What are some common challenges faced by professionals working in Ceph Storage administration, and how can they be addressed?

Professionals managing Ceph Storage environments often encounter challenges such as maintaining cluster health, balancing performance and scalability, and troubleshooting hardware or network failures. These issues can be addressed by regularly monitoring cluster metrics, using Ceph's built-in tools for diagnosis, and proactively planning for capacity expansion. Collaborating closely with system administrators and network engineers is also crucial to ensure optimal integration and quick resolution of issues. Staying updated with Ceph community best practices and documentation helps administrators adapt to evolving technologies and maintain robust, high-performing storage solutions.

What is Ceph Storage?

Ceph Storage is an open-source, distributed storage system designed to provide excellent performance, reliability, and scalability. It supports object, block, and file storage in a unified platform, making it suitable for cloud infrastructure and enterprise environments. Ceph automatically manages data replication and recovery, helping to ensure high availability and fault tolerance.
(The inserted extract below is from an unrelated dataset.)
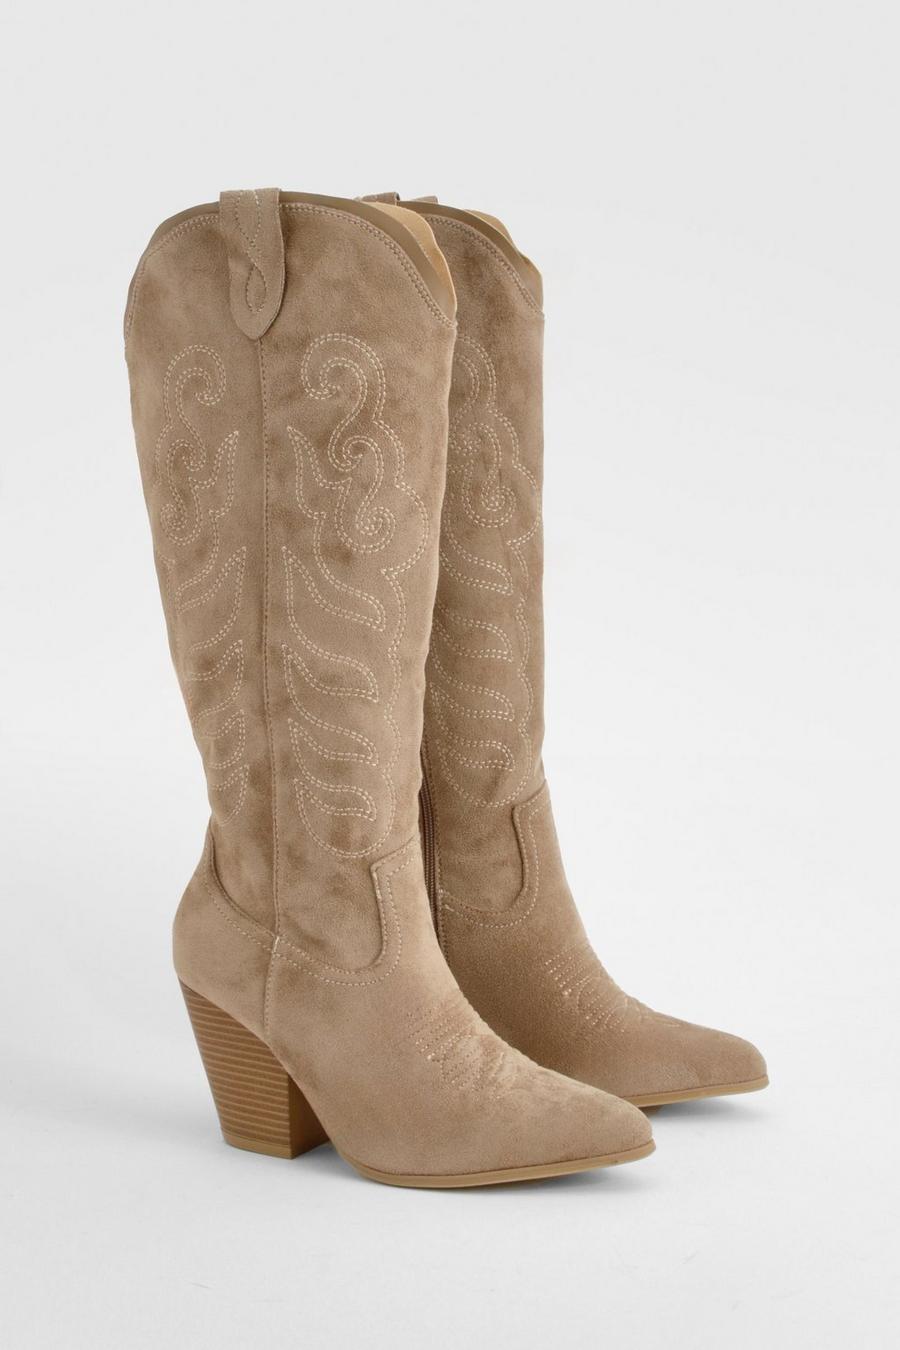 Taupe Embroidered Knee High Western Cowboy Boots
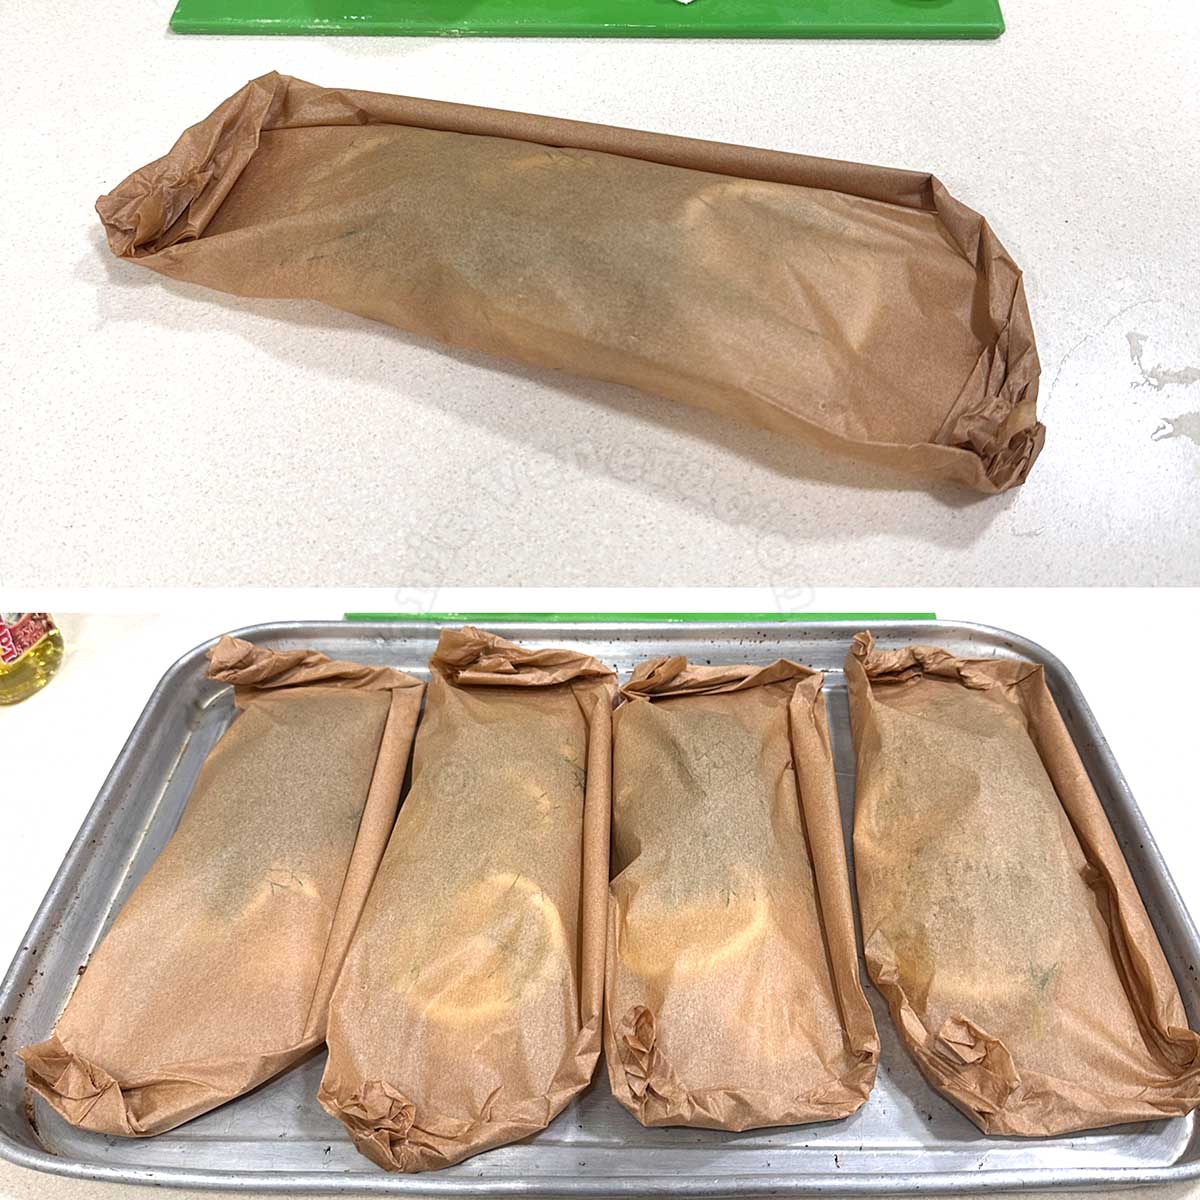 Fish wrapped in parchment paper

The system can run on commodity hardware, reducing costs and simplifying expansion as storage needs grow.

What is the difference between Ceph Storage vs Storage Engineer?

AspectCeph StorageStorage Engineer
CredentialsKnowledge of distributed storage, Linux, and storage protocolsCertifications like Cisco, CompTIA Storage+, or vendor-specific certifications
Work EnvironmentData centers, cloud environments, large-scale storage deploymentsData centers, enterprise IT teams, cloud providers
Industry UsageOpen-source storage solutions, cloud infrastructureDesign, implementation, and management of storage systems
Search/Comparison IntentTechnical understanding of storage solutionsCareer options, job roles, and skills

Ceph Storage is an open-source, distributed storage platform used to build scalable storage clusters, often in cloud and data center environments. Storage Engineers design, deploy, and maintain storage systems, including Ceph, focusing on performance and reliability. While Ceph Storage refers to the technology itself, Storage Engineers are professionals who work with Ceph and other storage solutions to meet organizational needs.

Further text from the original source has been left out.